Previous attempts at automatic surgical skill assessment were mainly performed by tracking hand or surgical tool motion37,38,39,40,41,42,43; however, motion tracking mainly evaluates instrument handling or dexterity alone. Although instrument handling and dexterity are important elements for automatic surgical skill assessment,3,4 surgical skill assessment needs to be evaluated from various perspectives. Recent surgical skill assessment tools have focused on the evaluation of the quality of standardized surgical field development, such as exposure to surgical fields with appropriate traction and cooperation with assistants, quality of dissection layer, and demonstration of landmarks.22,23,24 The most famous standardized surgical field development is the CVS in laparoscopic cholecystectomy (LC). Strasberg et al25 introduced the CVS in 1995 to promote the recognition of gallbladder elements that reduce the risk of bile duct injury and to avoid mistakes due to anatomical alterations and altered visual perception. In addition, laparoscopic right hemicolectomy, the procedure of complete mesocolic excision, is technically demanding and carries the risk of serious complications. The critical-view concept was thus recommended to minimize technical hazards and facilitate teaching.27 Therefore, both dexterity for instruments and standardized surgical field development are important items in the surgical skill assessment. A comprehensive surgical skill assessment system should be constructed by combining these and other surgical skill assessment factors, such as efficiency and tissue handling. We believe the model proposed in this study can play a part in this comprehensive system.

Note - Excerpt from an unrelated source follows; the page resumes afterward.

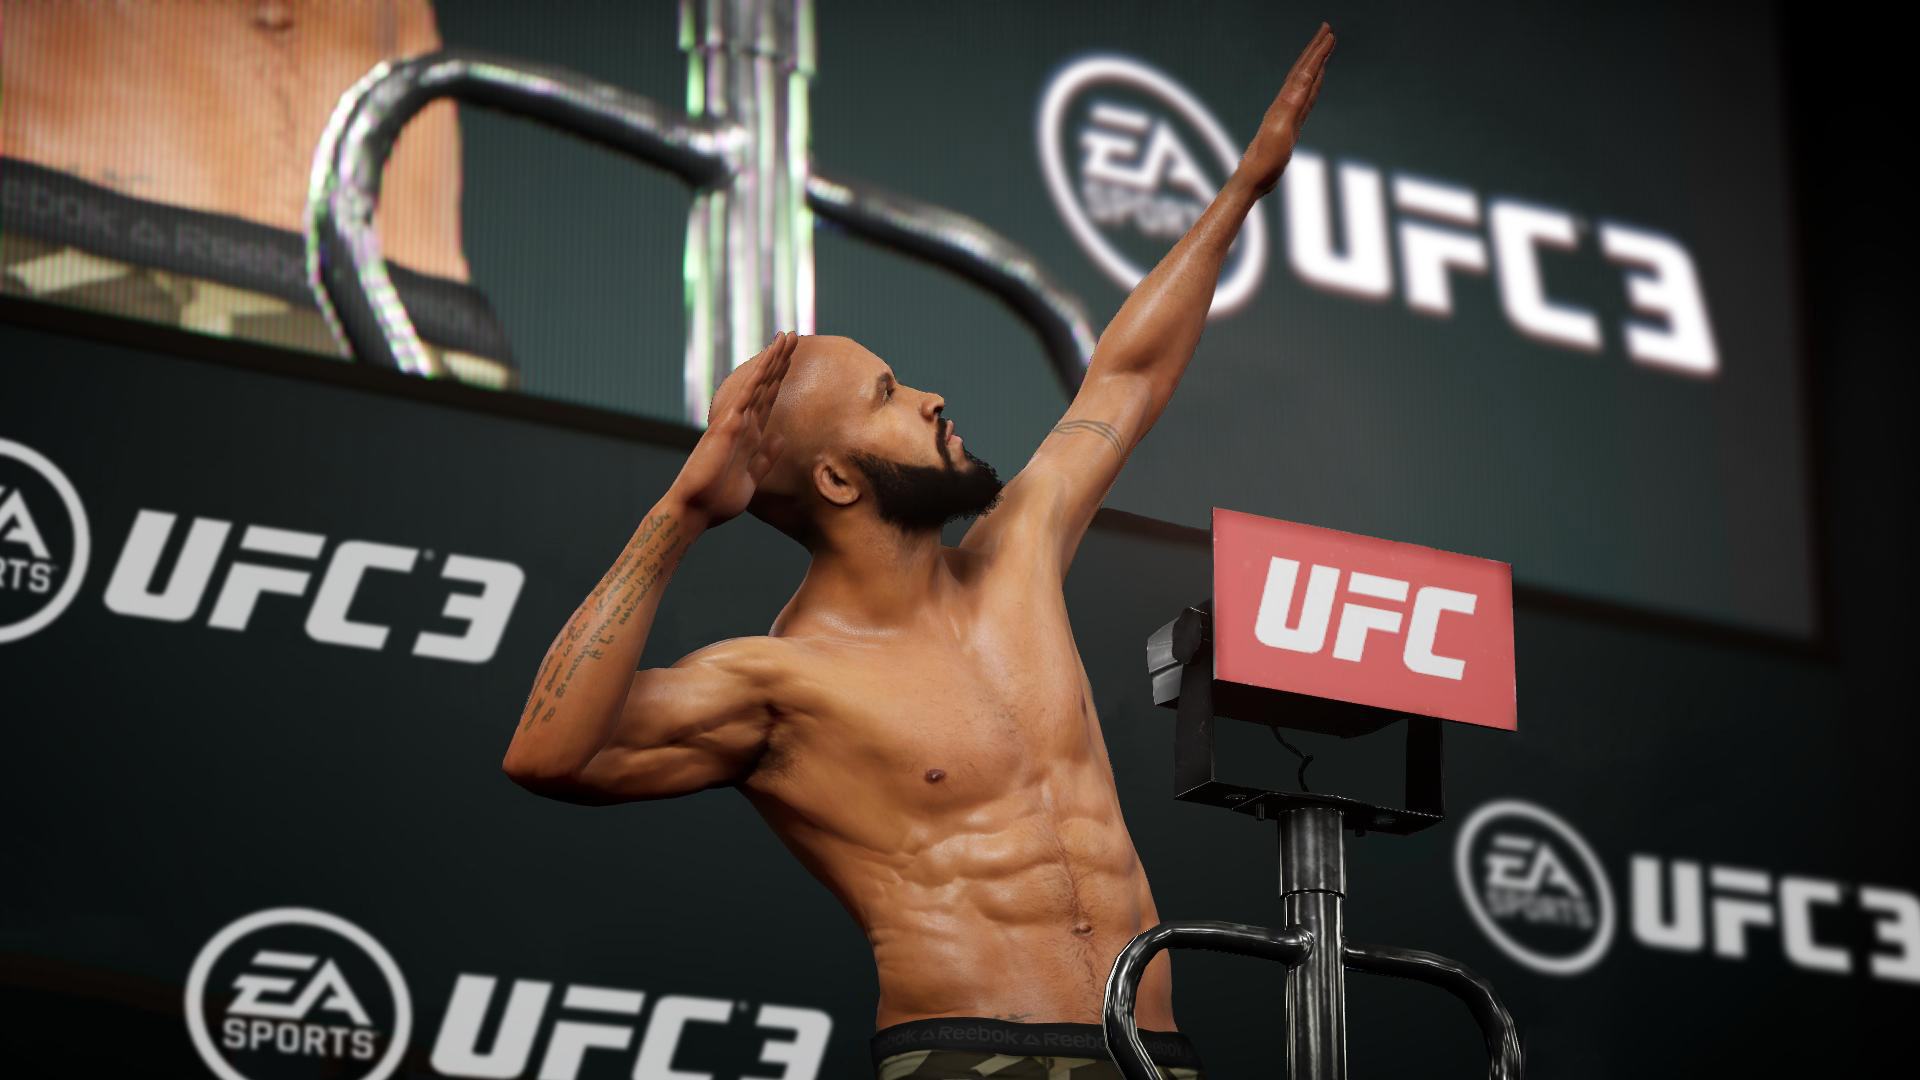 Скриншот №5 к EA SPORTS UFC 3

This study focused on the AICS. In our standardized surgical field development recognition model, this score is just a number that represents the similarity between the still and training images. However, by limiting the video in the training data set to only highly skilled surgeons, we developed a surgical field recognition model specific to skillful and standardized surgical field development and thus created a model with the potential to evaluate surgical skills. Mascagni et al44 presented automatic assessment of the CVS in LC using deep learning. Static images from LC videos were annotated with CVS criteria and hepatocystic anatomy segmentation. A deep neural network comprising a segmentation model to highlight hepatocystic anatomy and a classification model to predict CVS criteria achievement was developed. This system evaluates whether the CVS criteria are met as achieved (score of 1) or not achieved (score of 0). However, many other procedures cannot be evaluated on a 0 or 1 basis because the criteria for surgical field development are not well defined, unlike CVS in LC. Therefore, we believe that our proposed similarity-based concept is applicable to more types of surgical procedures. In addition, although AICS can be automatically obtained at the softmax layer in common deep neural network architectures, to our knowledge, no previous studies have used this value for surgical skill assessment.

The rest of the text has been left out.